The IBLPlayer class also makes available to its subclasses a suitable value for prepopulated instances and the like for encouraging
exploration, _initial_payoff, based on these possible payoff values. In addition, the usual IBL parameters (noise, decay and blending temperature)
can also be modified simply by change parameters passed to the constructor.
The simplest IBL model, BasicIBLPlayer, simply bases its choice on the history of results from having made each move, with no concern for
the moves made in the preceding rounds. This can work against unsophisticated opponents, such as one that favors rock 60% of the time:
python rps_game.py ibl.BasicIBLPlayer "rand.RandomPlayer(bias=(0.6, 0.2))"
But this basic model is readily defeated by a more sophisticated opponent, such as one employing a win stay, lose shift strategy:
python rps_game.py ibl.BasicIBLPlayer "wsls.WinStayLoseShiftPlayer(upgrade=1)"

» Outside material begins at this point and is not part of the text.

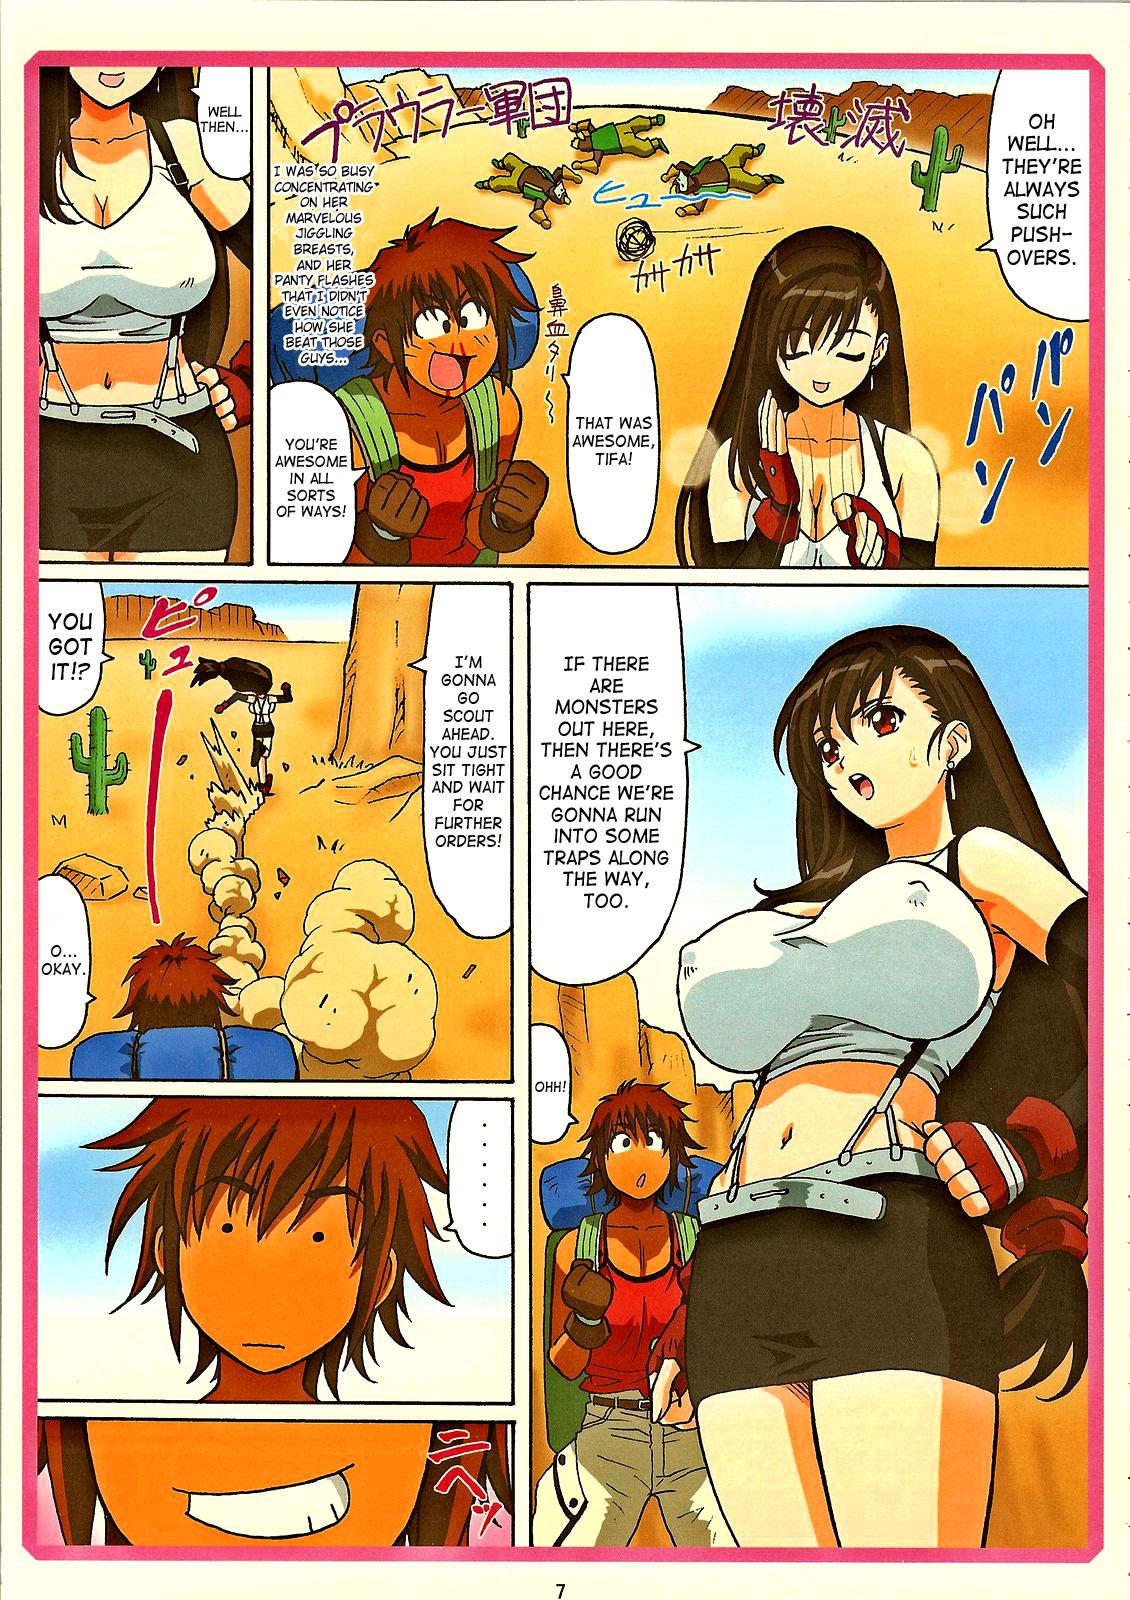 Dick Sucking Tifa W cup - Final fantasy vii Casting - Page 6

A smarter model can use a PyIBL attribute to base its move selection on the opponents previous move. This does better against the wind stay, stay loses shift opponent, above:
python rps_game.py ibl.ContextualIBLPlayer "wsls.WinStayLoseShiftPlayer(upgrade=1)"

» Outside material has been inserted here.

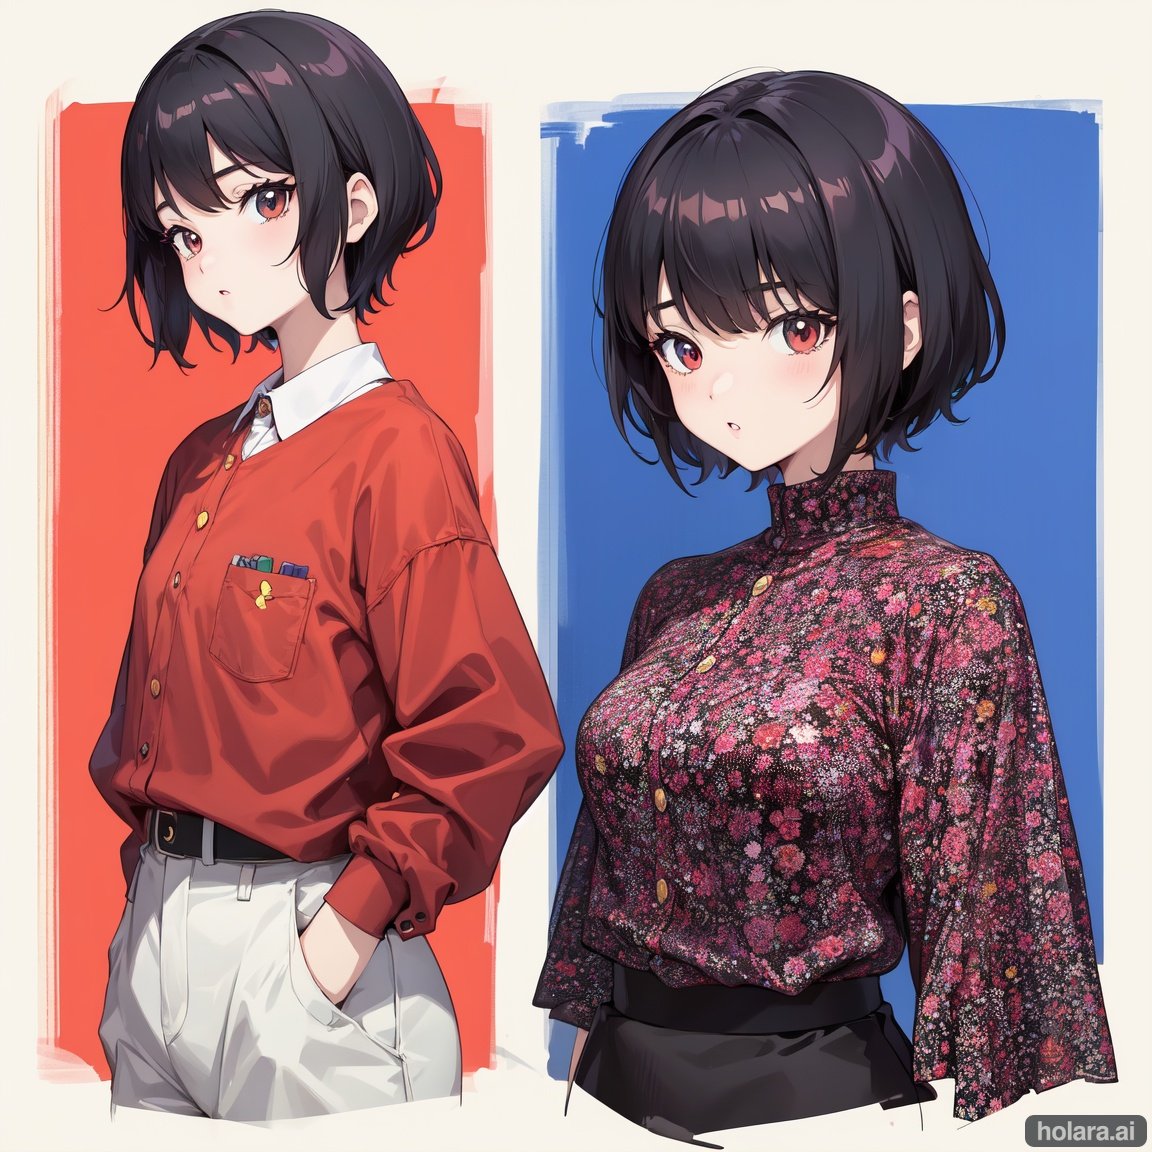 Image of Retro, old fashioned anime in manga style coloring, short hair, simple background, lineart

But if the win stay, lose shift opponent randomly selects what it does on a loss, the ContextualIBLPlayer will fare poorly against it:
python rps_game.py ibl.ContextualIBLPlayer "wsls.WinStayLoseShiftPlayer(upgrade=0.5)"

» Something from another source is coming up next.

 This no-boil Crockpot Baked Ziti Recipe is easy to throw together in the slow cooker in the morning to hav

To improve this IBL model further we want to have it capture not just the experience of what opponent moves most likely follow its own moves,
but how it responds to our moves. In a LagIBLModel we capture the results based on both players’ past moves.
By default it only uses the immediately preceding moves of both players, but by setting the lag parameter this can be increased to
multiple past moves.
A full set of results for all pairs of possible moves is large, especially if we consider multiple past moves, we use partial matching
to treat unseen results as of some value, but not as much as one’s we’ve really seen. The similarly function, sim(), returns 0.5,
for attributes that do not match instances we’ve seen, allowing instances only some of whose attributes match to still contributed to
the blended value, albeit with less weight than those that have more matching attributes.
With a lag of only one, matching just the preceding moves of both places, this model handily dominates the win stay, lose shift strategy even with an evenly distributed random selection of upgrades/downgraes:
python rps_game.py ibl.LagIBLPlayer "wsls.WinStayLoseShiftPlayer(upgrade=0.5)"
Because most of these models, both the conventional ones and the IBL ones, have various parameters that can be modified it is easy to compare the results of a variety of differing strategies.